Thomas HUEBER home page

HUEBER

Thomas

CNRS researcher

About me

Research projects

Silent speech

Articulatory biofeedback

Incremental TTS

Self-supervised learning

My research activities focus on automatic speech processing, with a particular interest in the capture, analysis and modeling of articulatory gestures and electrophysiological signals involved in its production. My work is divided into two axes: (1) the development of speech technologies that exploit these different signals, for speech recognition and synthesis, for people with a spoken communication disorder, and (2) the study, through modeling and simulation, of the cognitive mechanisms underlying speech perception and production, and in particular the self-supervised learning of sensory-motor representations.

Axis 1: Assistive speech technology

Silent Speech Interfaces

The objective here is to design a system capable of capturing and interpreting a normally "articulated" but "non-vocalized" speech. The speaker moves his various articulators (jaw, tongue, lips, soft palate) but he does not send air into his oral and nasal cavities; he therefore emits (practically) no sound. The principle of a "silent speech interface" is (1) to capture the "inaudible" traces of this "silent speech", such as the movements of the articulators or the nervous and muscular activity, and (2) to transform them either into a sequence of words (recognition), or directly, and in real time, into an "audible" speech signal (direct synthesis).

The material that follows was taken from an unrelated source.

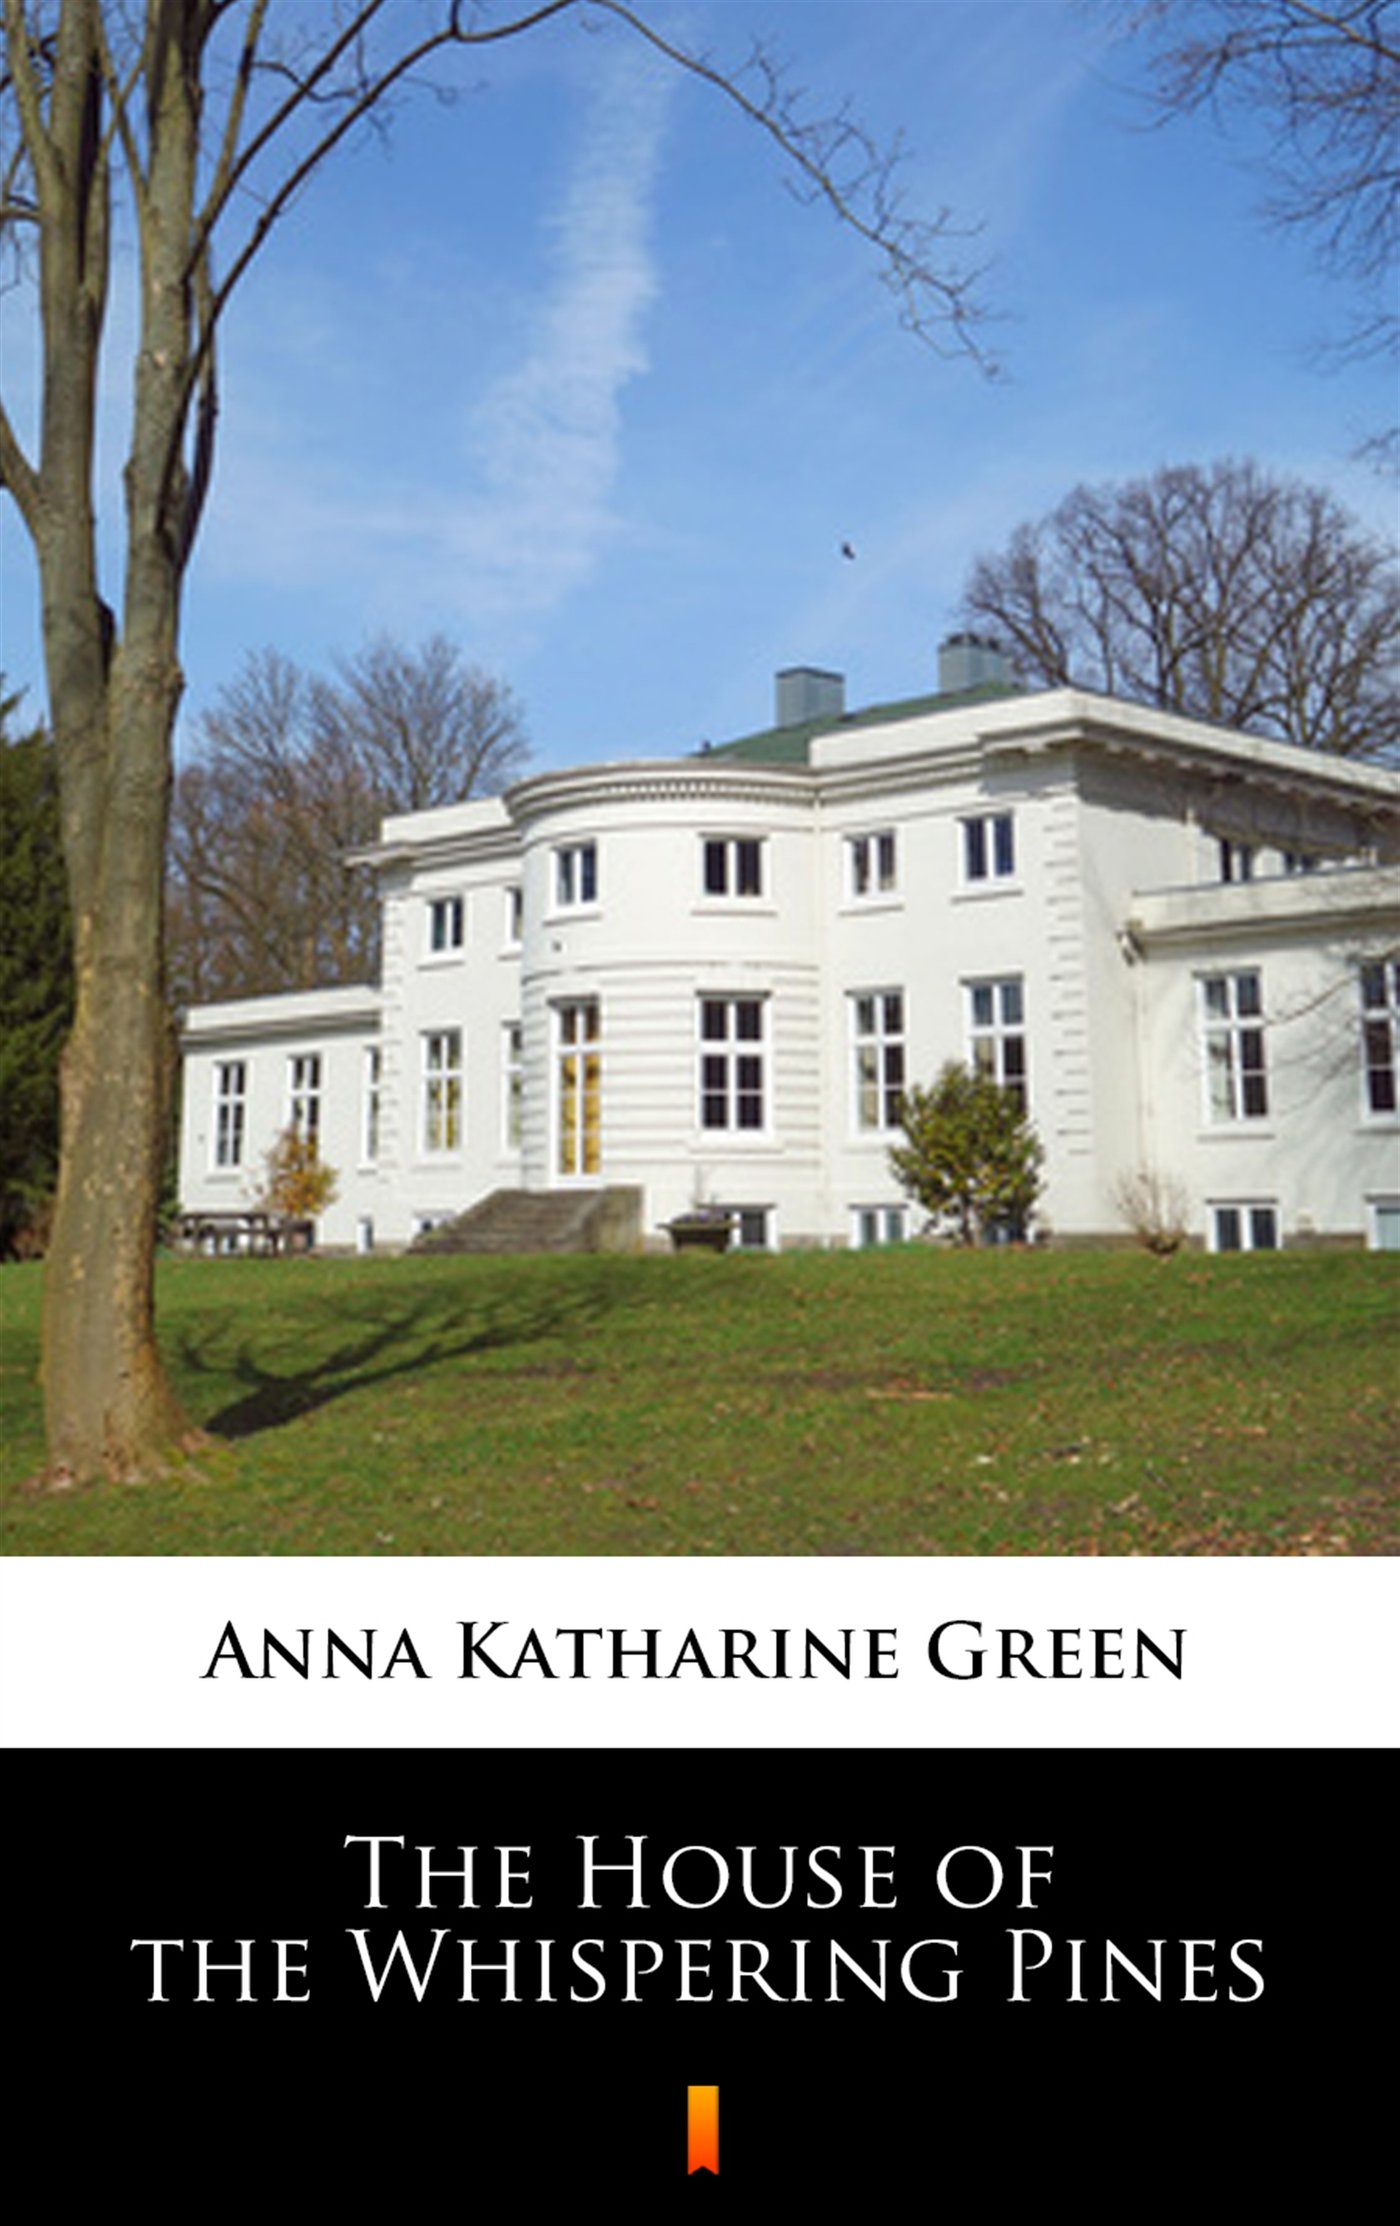 Ebook The House of the Whispering Pines, Anna Katharine Green - Virtualo.pl

The targeted applications are the assistance to laryngectomized persons and to persons suffering from a neurodegenerative disease that can lead to a loss of oral communication. The approach I am mainly studying is based on the capture of articulatory activity by ultrasound and video imaging, and its processing using machine learning and speech synthesis techniques.

Tatulli, E., Hueber, T.,, "Feature extraction using multimodal convolutional neural networks for visual speech recognition", Proceedings of IEEE ICASSP, New Orleans, 2017, pp. 2971-2975.

Hueber, T., Bailly, G. (2016), Statistical Conversion of Silent Articulation into Audible Speech using Full-Covariance HMM, Computer Speech and Language, vol. 36, pp. 274-293 (preprint pdf).

Bocquelet F, Hueber T, Girin L, Savariaux C, Yvert B (2016) Real-Time Control of an Articulatory-Based Speech Synthesizer for Brain Computer Interfaces. PLOS Computational Biology 12(11): e1005119. doi: 10.1371/journal.pcbi.1005119

Hueber, T., Benaroya, E.L., Chollet, G., Denby, B., Dreyfus, G., Stone, M., (2010) "Development of a Silent Speech Interface Driven by Ultrasound and Optical Images of the Tongue and Lips", Speech Communication, 52(4), pp. 288-300.

Incremental Text-to-Speech Synthesis

Text-to-Speech (TTS) systems are now of sufficient quality to be deployed in general purpose applications and to be used by people who have lost the use of their voice. However, a classical TTS synthesizer works at the sentence level: text analysis and sound synthesis are triggered each time the user has finished typing a complete sentence. The knowledge of the beginning and end boundaries of a sentence is important for its linguistic analysis, especially for determining its syntactic structure, which is important for determining the prosody, the "melody" of the synthesized voice. However, this paradigm introduces an important latency (proportional to the length of the sentence) which can be at the origin of a certain frustration for the communication partner then constrained to wait for the end of each sentence. Incremental TTS aims at improving the interactivity of an oral communication carried out by means of a TTS, by delivering, as the text is entered, a speech synthesis of a quality close to the one obtained with the help of a traditional TTS (working at the sentence level). The speech synthesis "shadows" the text input (see figure below, taken from Maël Pouget's thesis). One of our approach consists in exploiting neural language models (GPT-like) to predict the future of the textual input and to integrate this prediction into the speech synthesis system (Brooke Stephenson's PhD).

Stephenson B., Hueber T., Girin. L., Besacier., "Alternate Endings: Improving Prosody for Incremental Neural TTS with Predicted Future Text Input", Proc. of Interspeech, 2021, accepted for publication, to appear (preprint)

Stephenson B., Besacier L., Girin L., Hueber T., "What the Future Brings: Investigating the Impact of Lookahead for Incremental Neural TTS", in Proc. of Interspeech, Shanghai, 2020, to appear (preprint)

Pouget, M., Hueber, T. Bailly, G., Baumann, T., "HMM Training Strategy for Incremental Speech Synthesis", Proceedings of Interspeech,Dresden, 2015, to appear.

Pouget, M., Nahorna, O., Hueber, T., Bailly, G., "Adaptive Latency for Part-of-Speech Tagging in Incremental Text-to-Speech Synthesis", Proceedings of Interspeech, San Francisco, USA, 2016, pp. 2846-2850.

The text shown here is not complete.